John Hopoate put out a fairly bizarre video this week, while playing croquet, criticising the NRL for turning players into a "bunch of pansies" for taking things like shoulder charges and punches out of the game.

"It's a man's sport," he said, "and you should get charged for not throwing a punch."

Hoppa is living in a bygone era when the biff was welcomed and enjoyed.

One of the things people looked forward to the most about State of Origin in the 1980s and 1990s was the fisticuffs but, thankfully, we've moved on from that.

I think the NRL is doing a good job trying to clean up the sport and make it more appealing to a wider audience. League is competing with a raft of other sports and entertainment activities to attract kids and parents on the borderline of choosing between rugby or league are more likely to be turned off league if it's seen as a sport for thugs.

It's a different world now and the NRL has to think about the bigger picture - the future.

It doesn't mean it has got everything right when it comes to rules and regulations.

I like the changes to the 20m restart and reducing the time allowed to set a scrum (30 seconds) and goal-line dropout (40 seconds down to 30 seconds) which have sped the game up.

I would like to see further adjustment to the scrum laws, which would keep players in scrums for longer.

At present, they break away too quickly - a bit like what happens in rugby - and it gives backlines little chance to put a set-piece move together.

We have seen on a few occasions this season how effective a backline move can be with tries from scrums when they have a bit of time and space but most defences can adjust too quickly and limit what the likes of Michael Jennings, Shaun Johnson and Sonny Bill Williams can do when taking on a line.

I also think golden point should be dropped. Teams deserve to walk off with a point if there's a draw and the extra time in golden point is invariably boring as sides continuously set up for a dropped goal.

Sinbinning is an area that needs to be utilised more, especially around professional fouls. Defences are so organised and players so fit they can adjust really quickly and if there's no deterrent to committing a professional foul players will continue to transgress.
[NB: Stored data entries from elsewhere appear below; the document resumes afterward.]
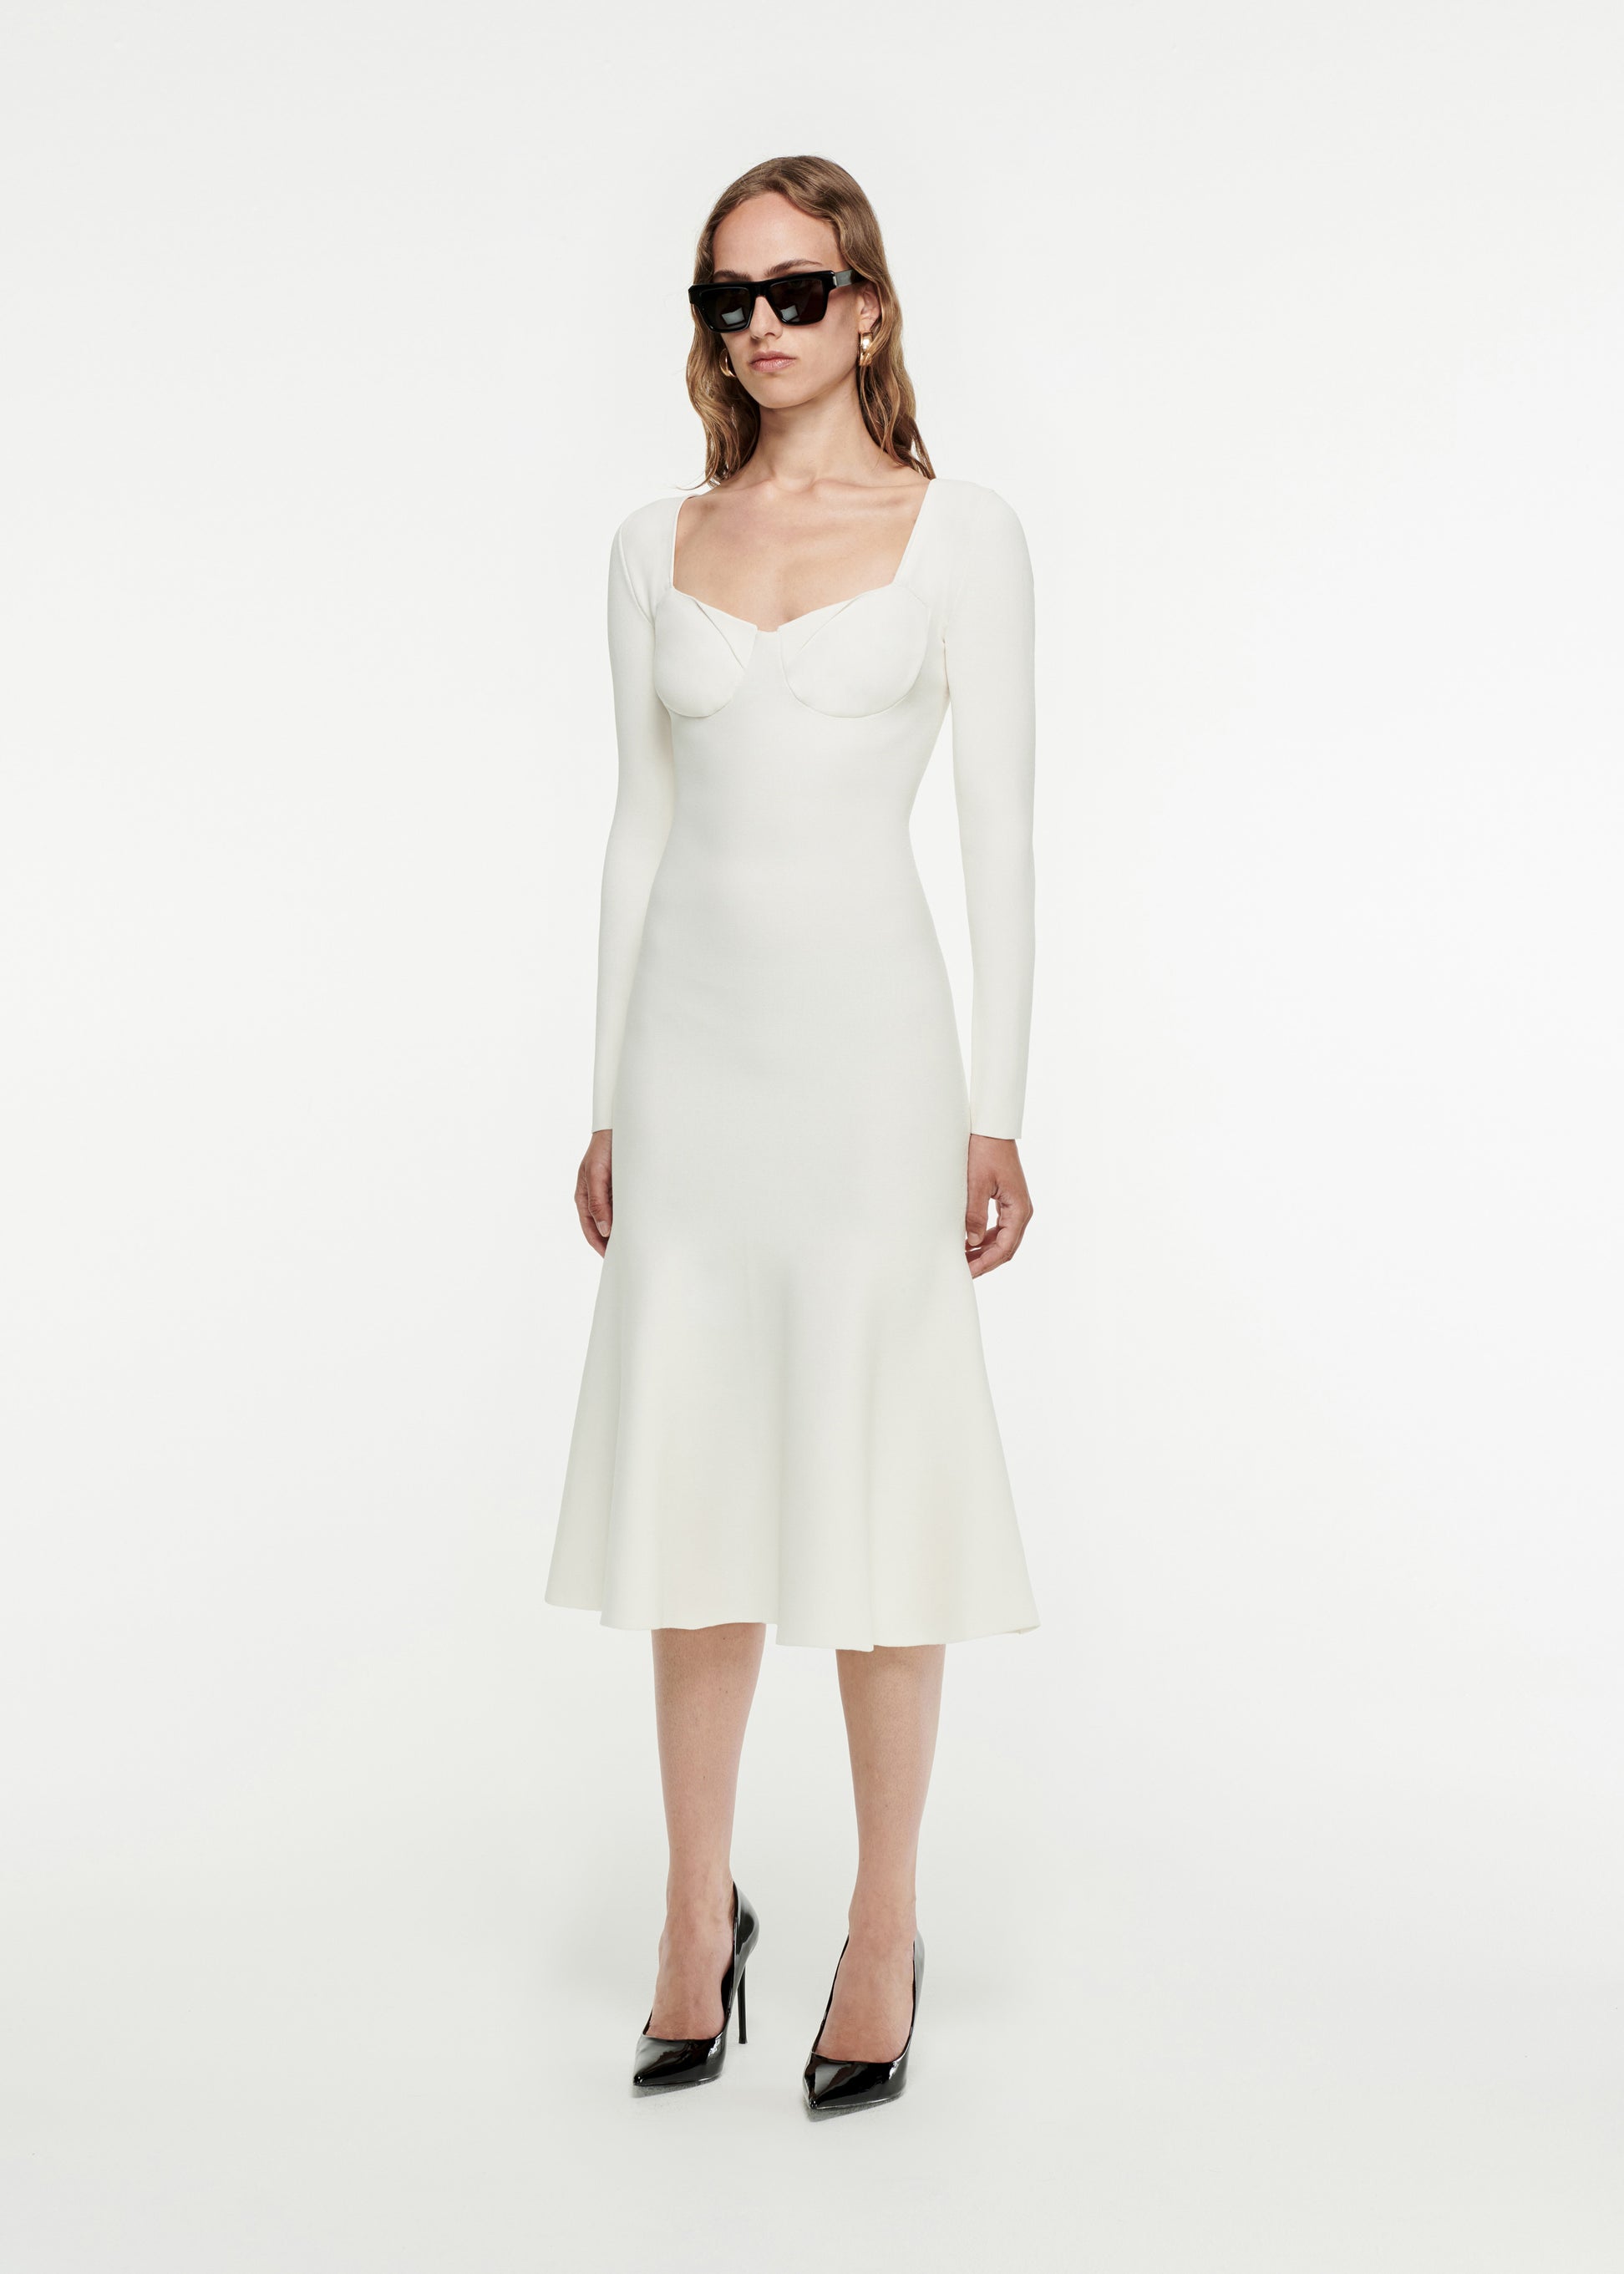 Woman wearing the Long Sleeve Knit Dress in White 
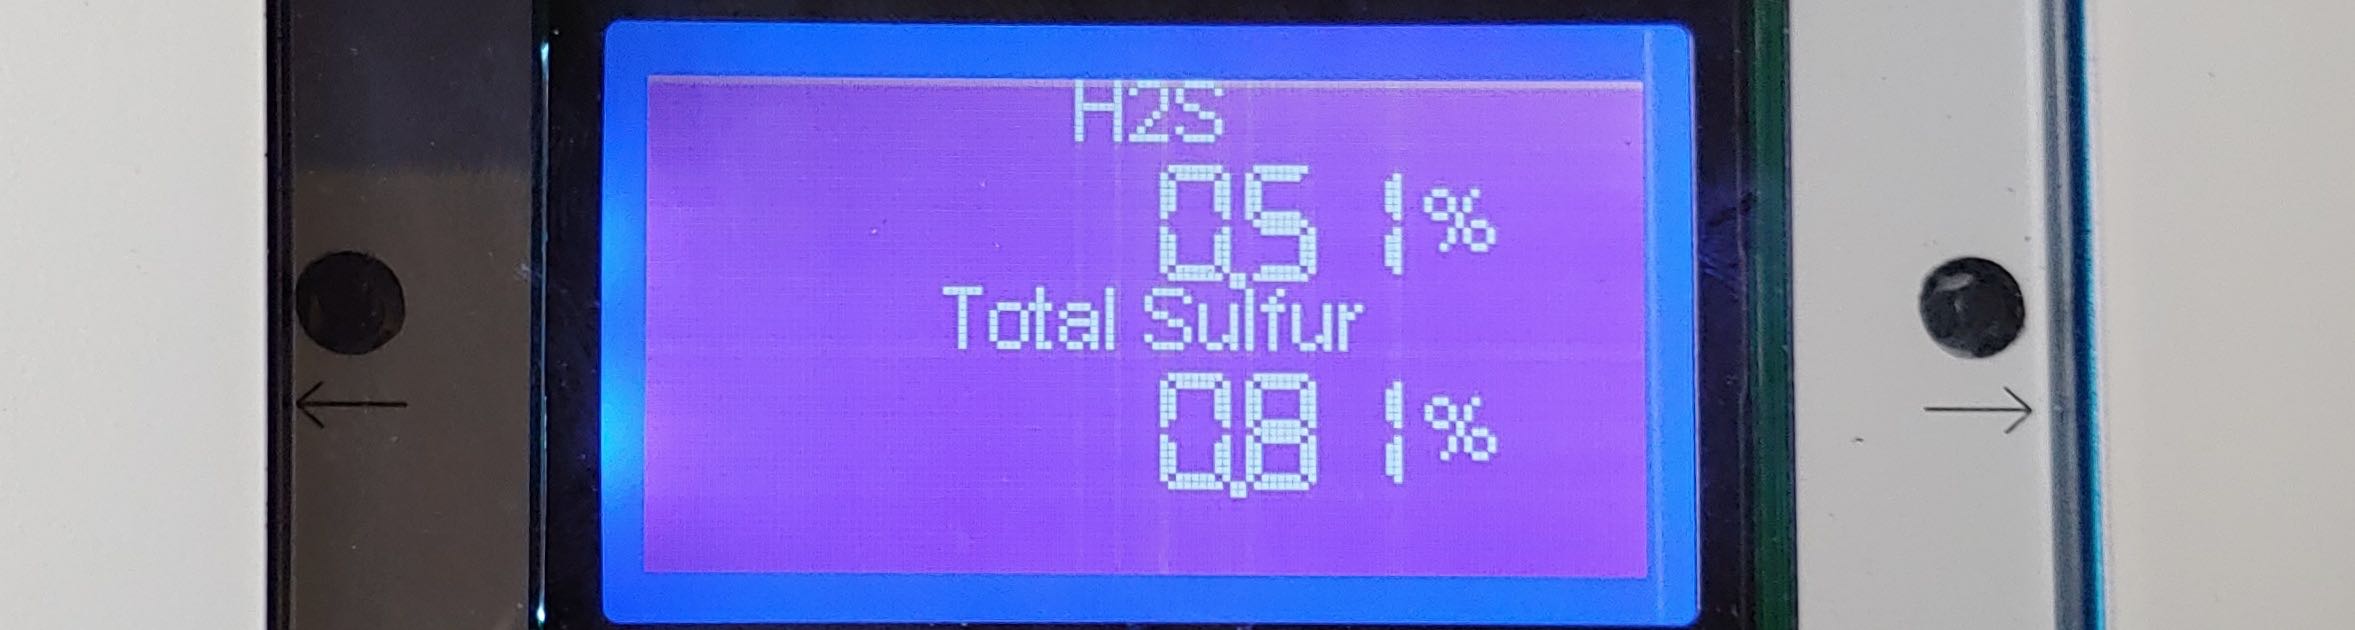 Total Sulfur Analyzer Screen
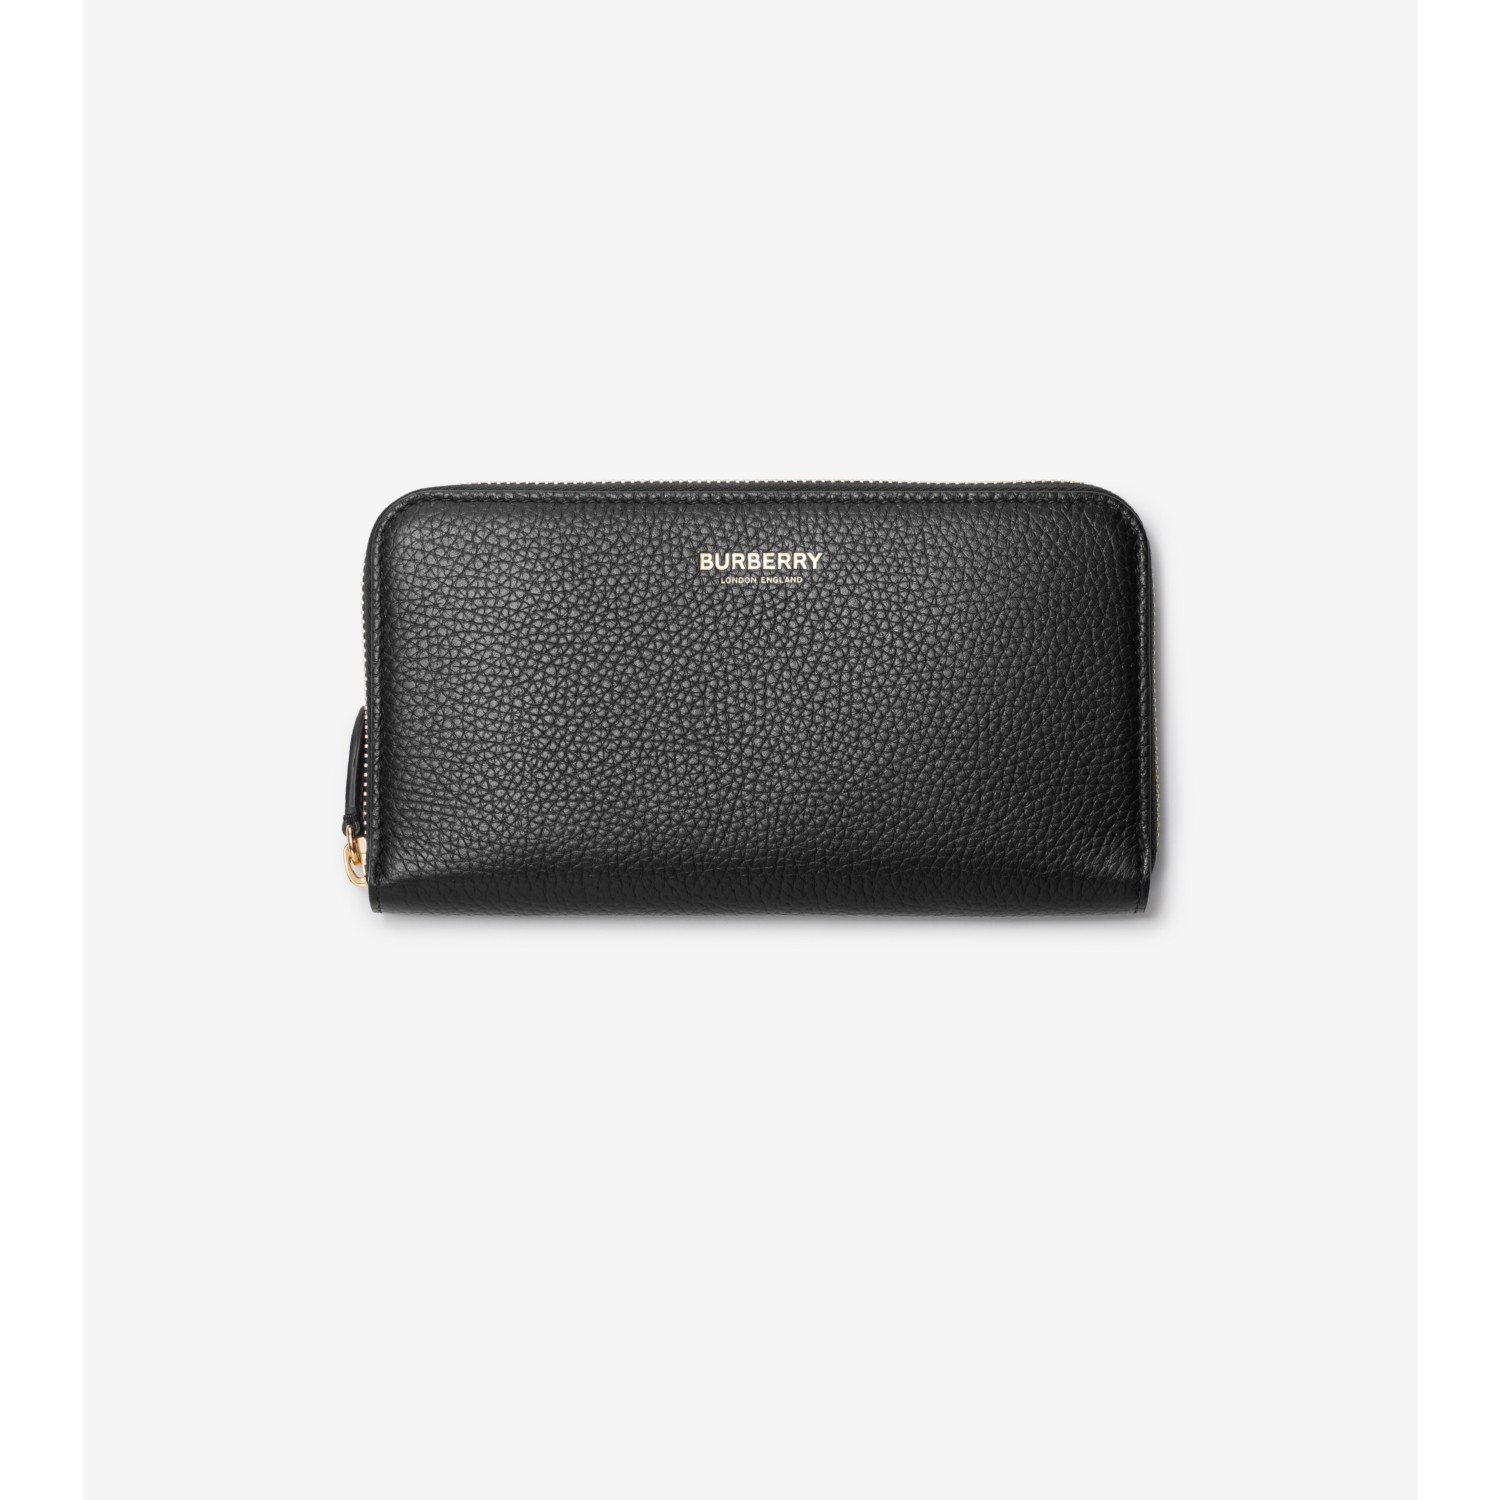 Leather Zip Wallet in Black
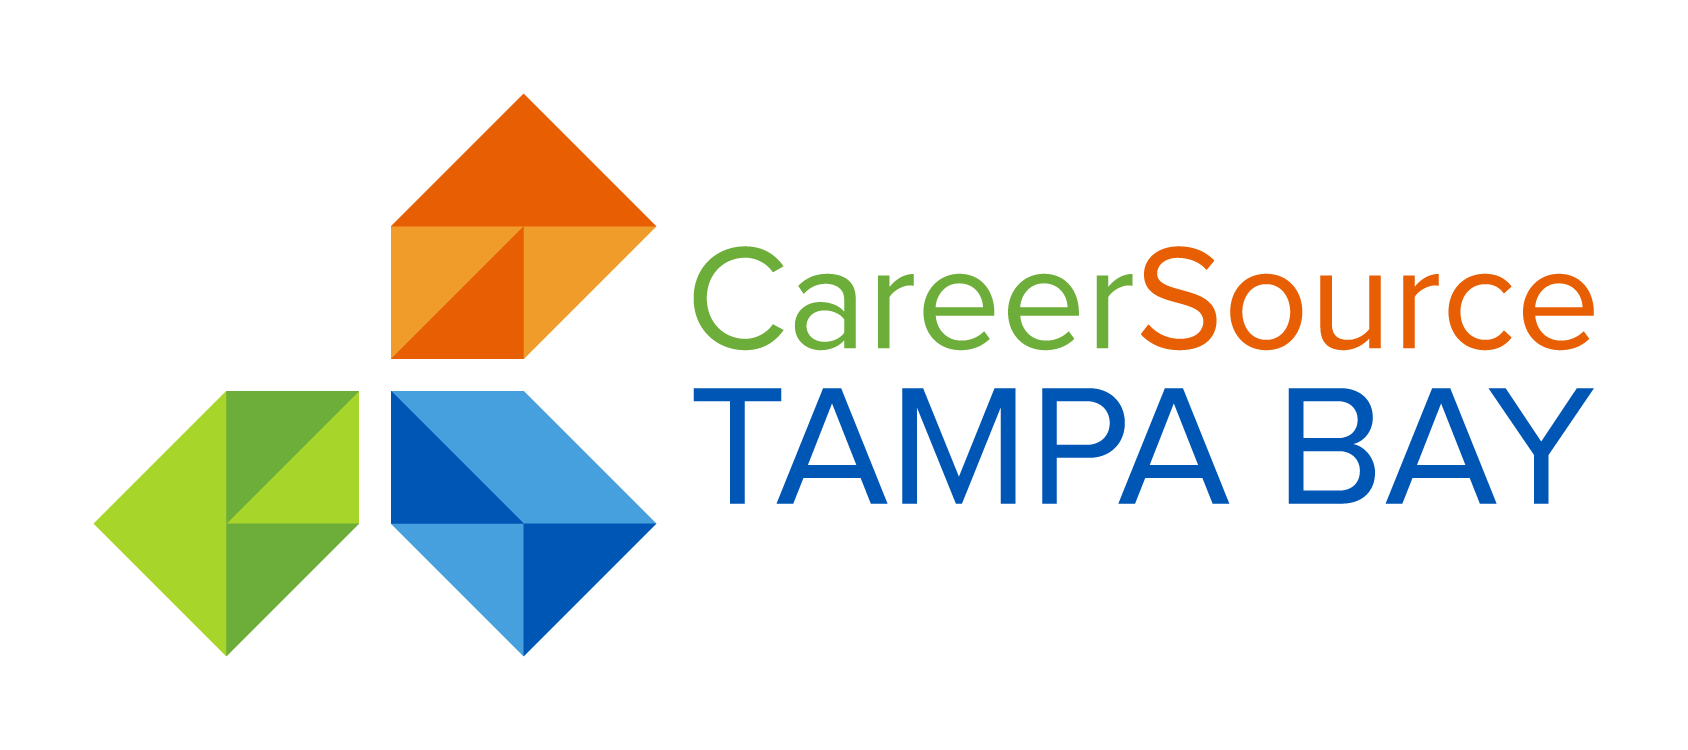 CareerSource Tampa Bay logo

It's a smart play but totally disadvantages the attacking team.

Referees need to get tough and take action and put players in the bin for 10 minutes and they also need to do it for foul play rather than rely on putting a player on report.

Momentum is huge in league these days and teams can pile on points in clusters and sides will soon learn they can't afford to be down to 12 men.

The Warriors knew all about momentum the last time they played Penrith, being on the wrong end of a 62-6 hiding, and memories of that will motivate them on Sunday when they take on the Panthers.

They never want to go down that road again so should come out firing on Sunday.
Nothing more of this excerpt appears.